◆ BRIEF
Everything in the data except the pictures belongs in your answer, copied exactly.
BEGIN SUPPLIED INFORMATION
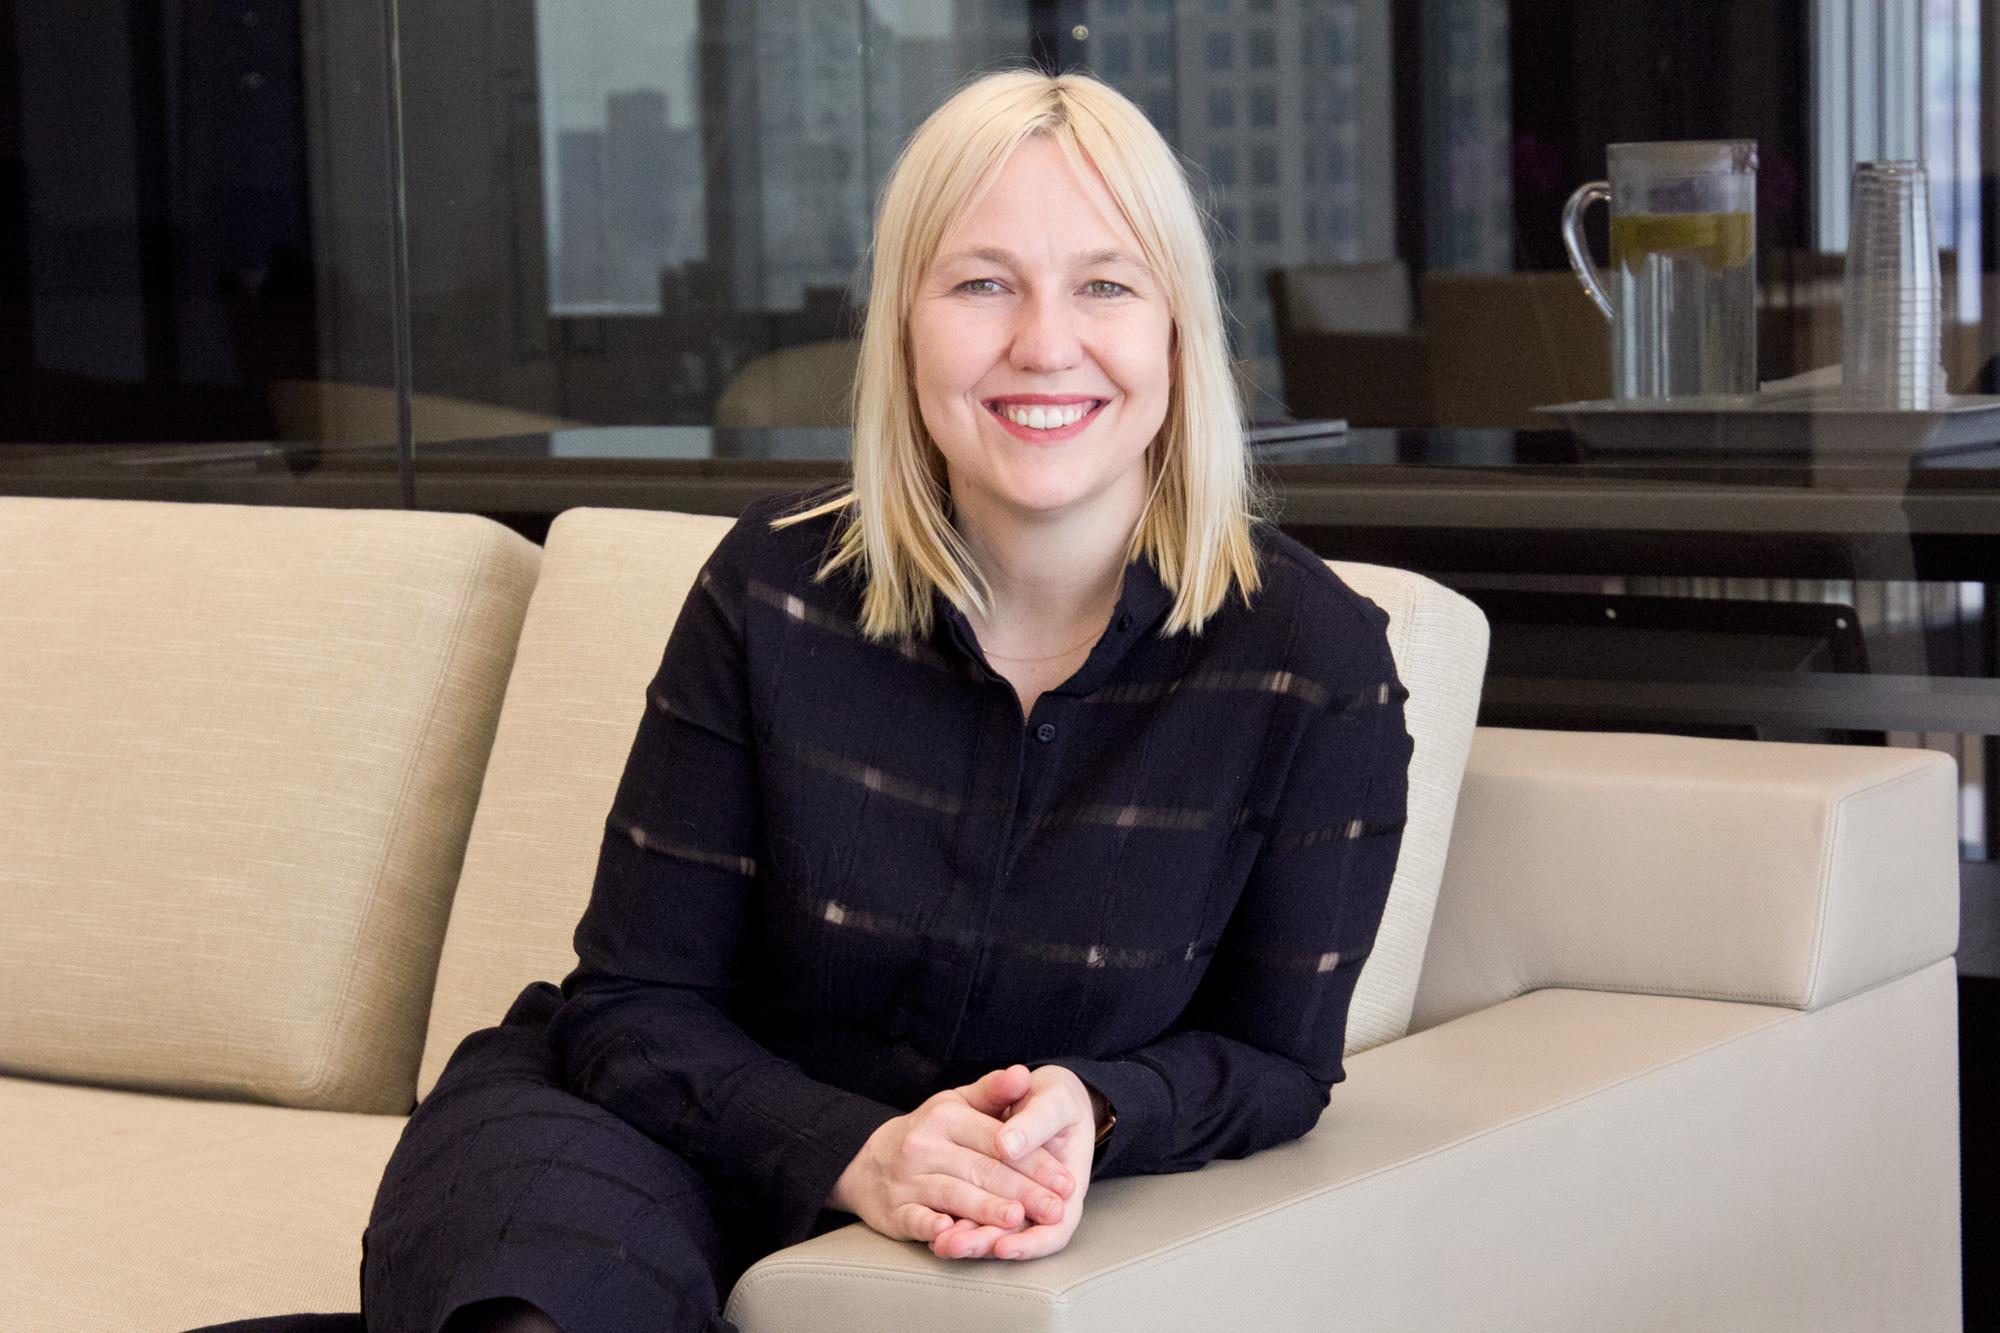 Conde Nast Traveler executive editor, Candice Rainey
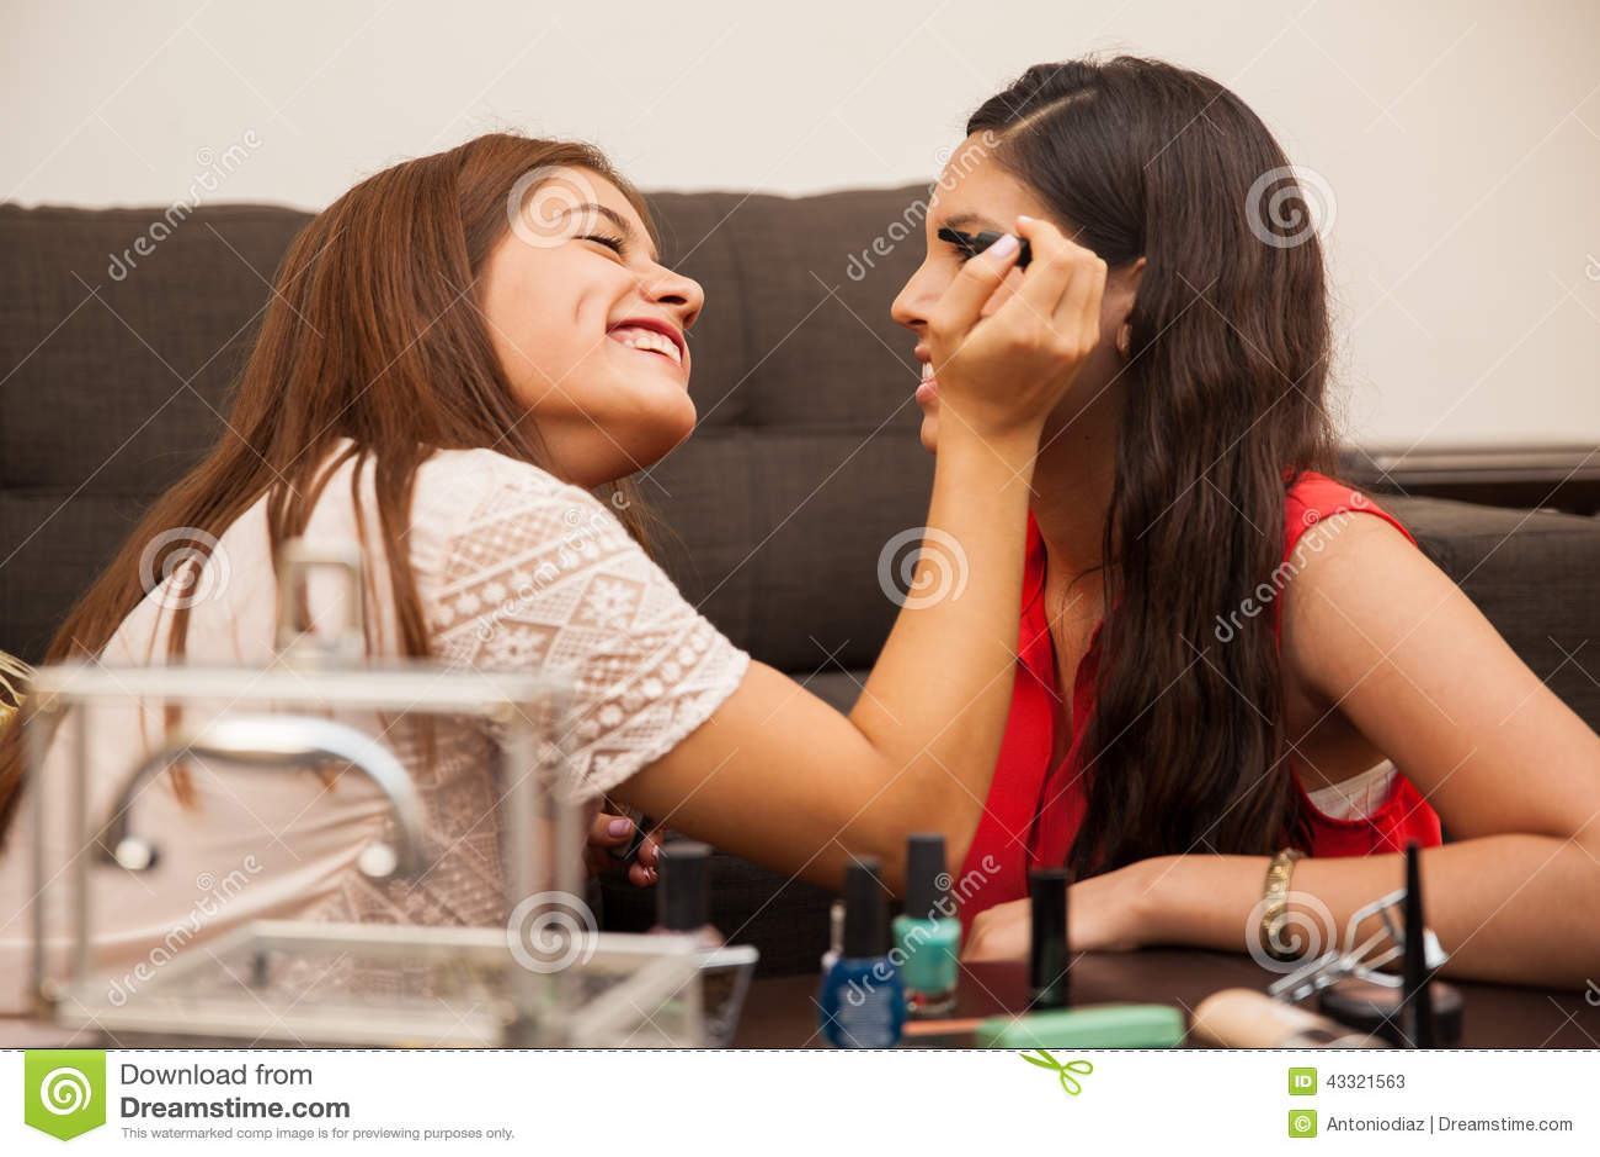 Any Cute teen girl nonude commit error
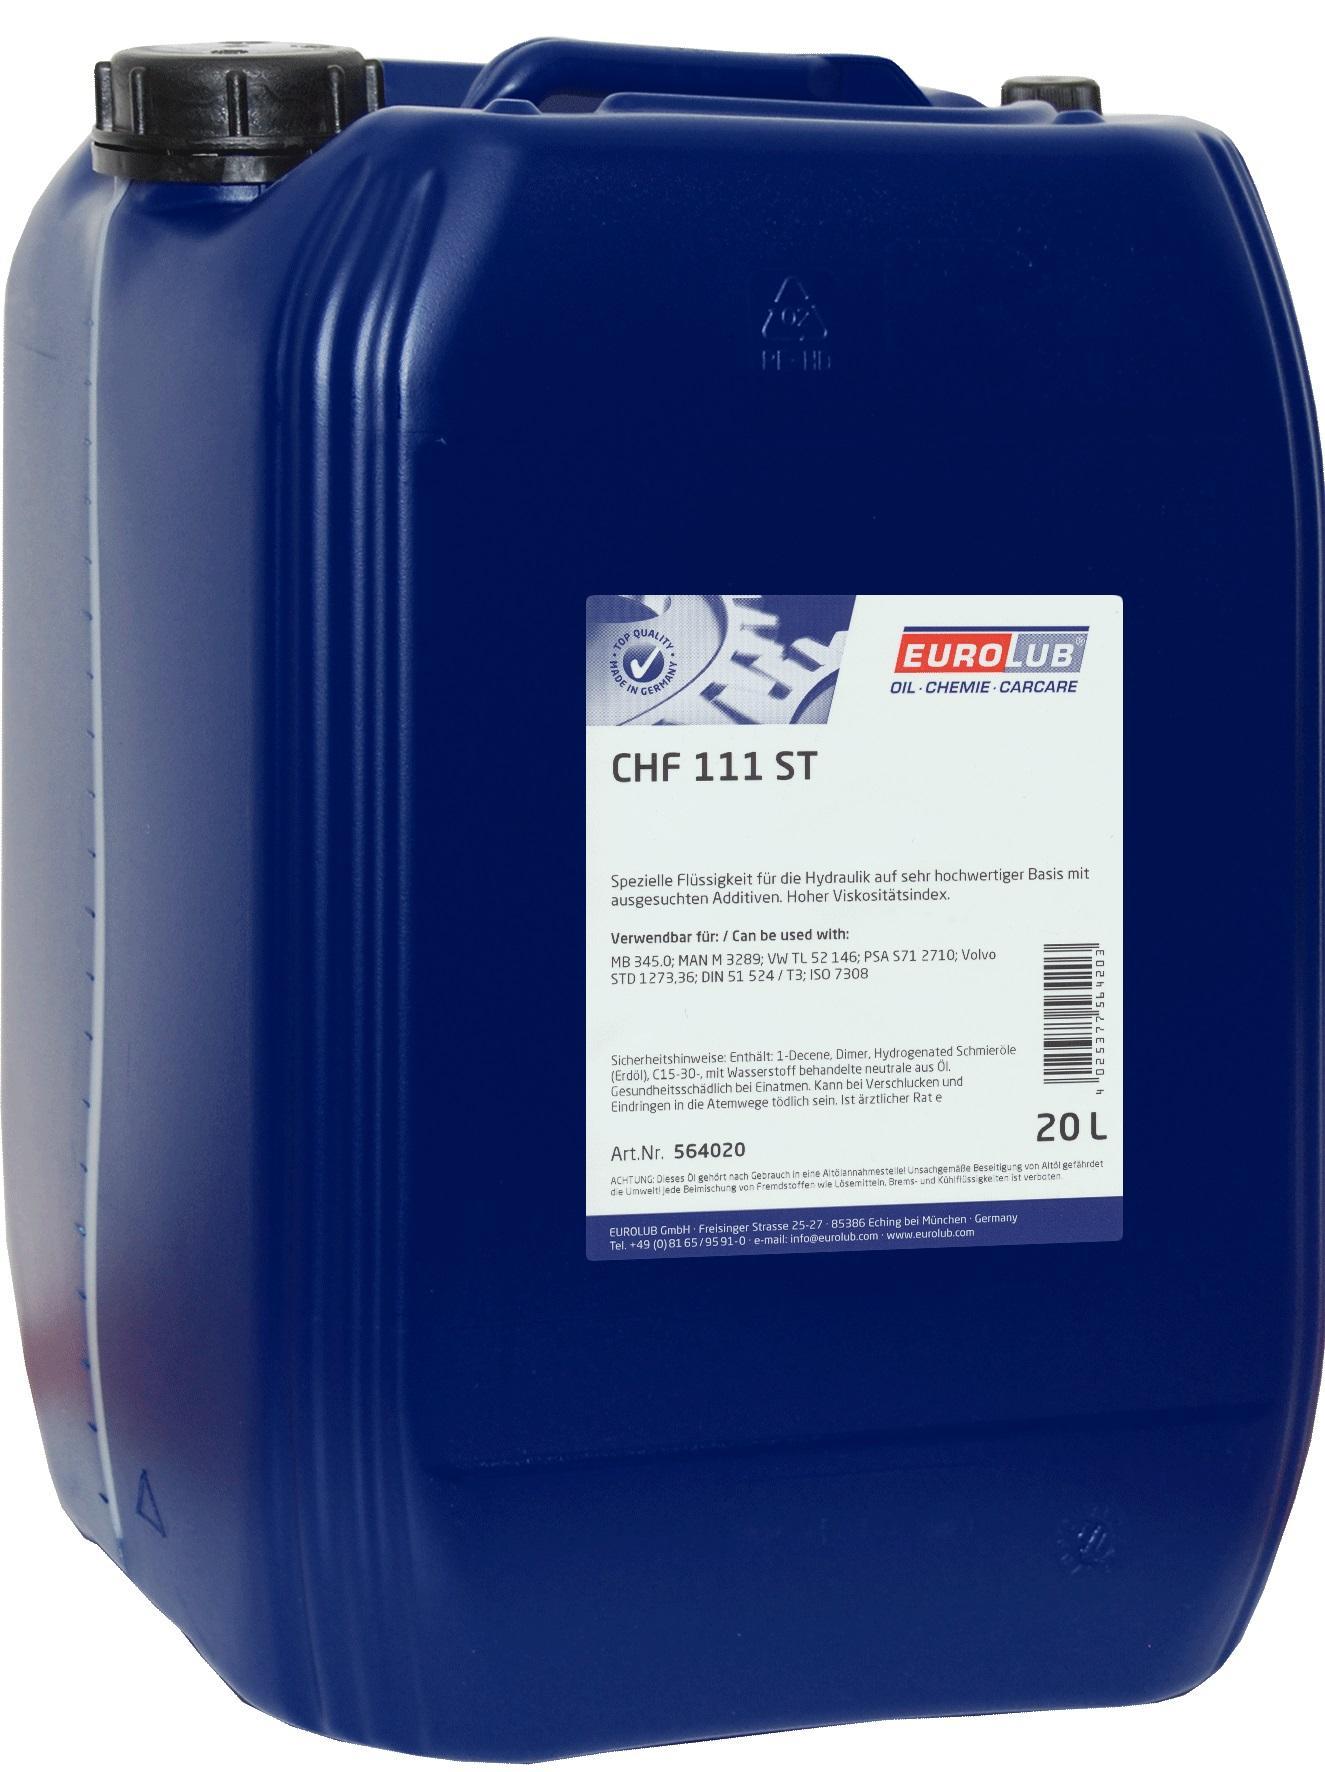 EUROLUB: Original Zentralhydrauliköl 564020 ()
END SUPPLIED INFORMATION
◆ EXERCISE RESULT
 Conde Nast Traveler executive editor, Candice Rainey
 Any Cute teen girl nonude commit error
 EUROLUB: Original Zentralhydrauliköl 564020 ()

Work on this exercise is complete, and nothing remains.